First off we’d like to apologize for the issues on LOUIE earlier today and we appreciate your patience with us while we work on the problem.
Earlier today we experienced an issue with one of the components of the Database Availability Group cluster for LOUIE. The intermittent connectivity was tied to the Windows Cluster service randomly stopping in an round robin fashion across the LOUIE DAG network.
Generally this is tied to things network IP conflicts, network latency, or failure across multiple members of the Cluster simultaneously. Now with our deployment, none of these were a possibility since no new hardware was added recently, the DAG network is handled via two VLANs connected with a dedicated VPN, and during the problems all members of the DAG network were online.
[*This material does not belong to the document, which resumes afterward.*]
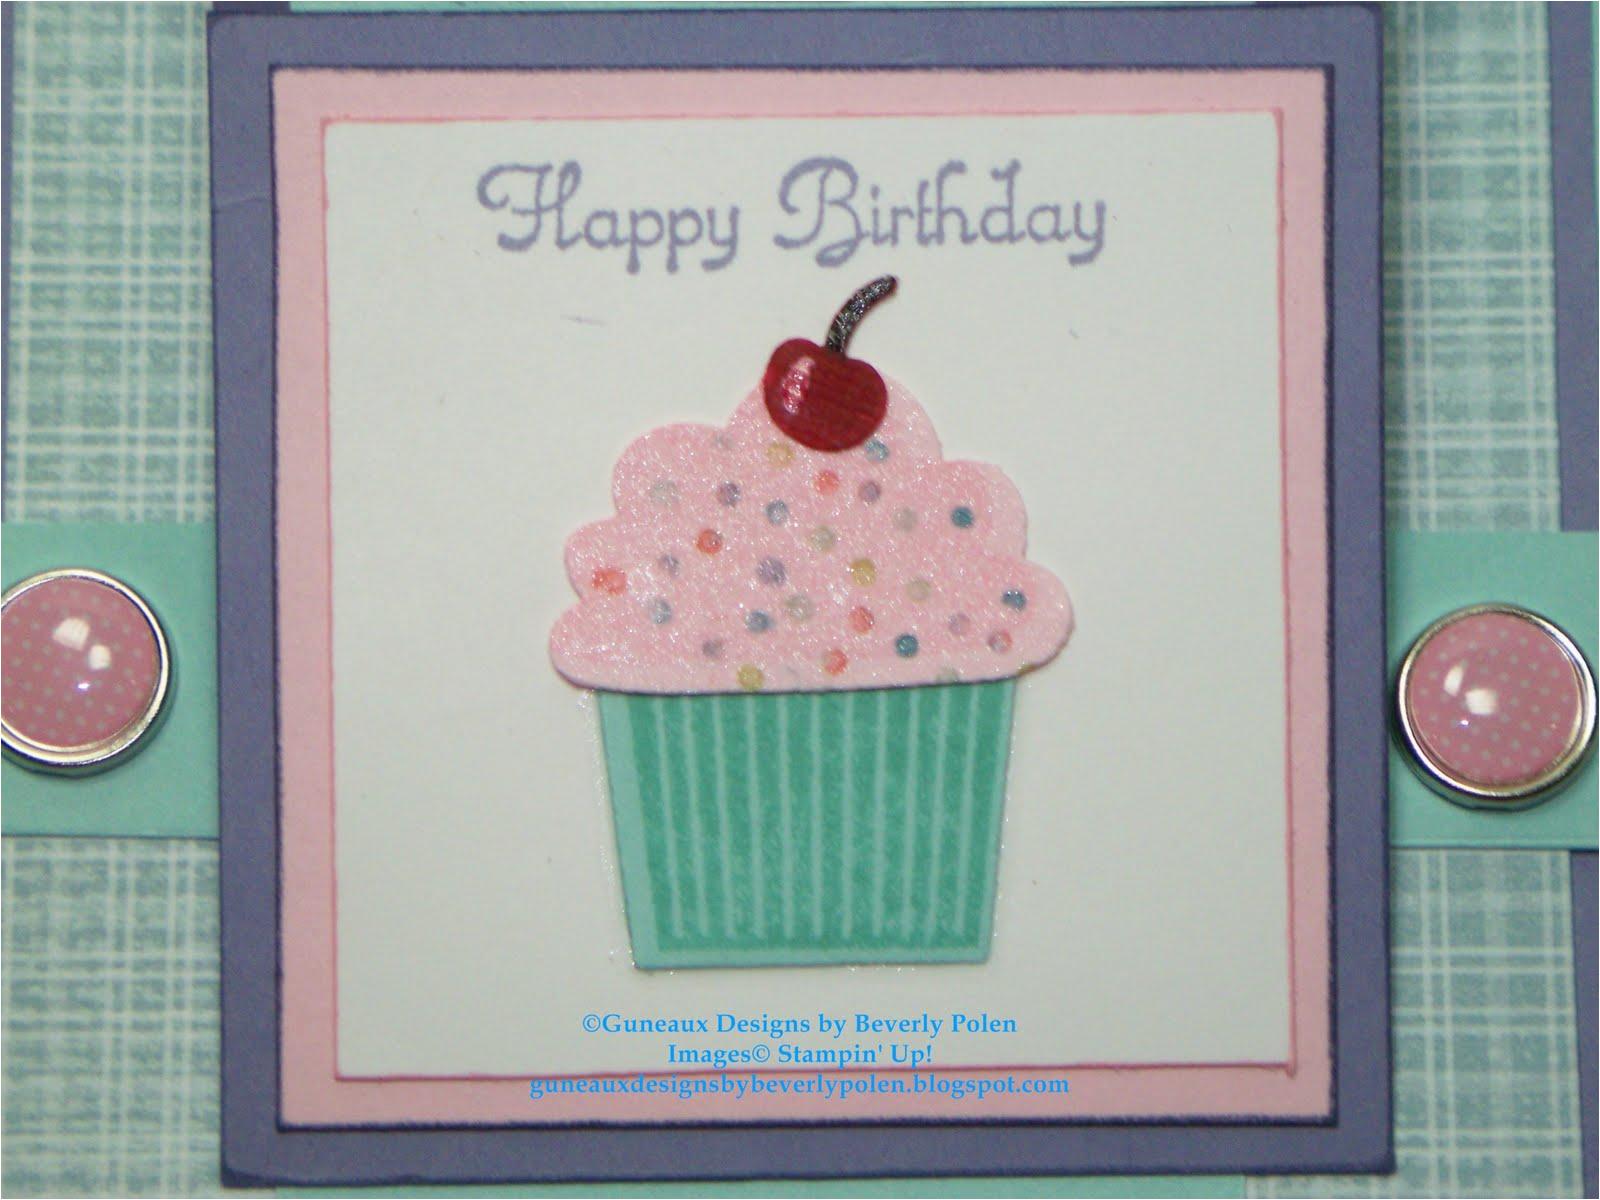 Free Birthday Cards Online No Membership Create Birthday Card Online with Photo Xcombear

It took sometime to parse to the logs for the cluster and it appears that the NIC used by Replication network (we segregate Replication and Client Access)for LOUIEMBOX7 was causing other interfaces on that range to unregister and then register. Since we have multiple live copies of the Mailbox Databases, we decided to remove the Node from the Cluster outright to stabilize the replication network. This took care of all the connectivity issues.
To conclude the maintenance window tonight, we replaced the motherboard and network components on the server. Replication across the entire network has been re-established and stable. In addition, to avoid this from happening in the future we’ve added an exception in monitoring for this type of error.
We would like to take this opportunity to remind everyone about LiveArchive. It’s for issues like these that we make it available in the Outlook Banner via our Addin available here
One of the features that differentiates our platform is that on top of the uptime promise we include Business Continuity on top of that. The ability to continue working is literary inside of Outlook one click away.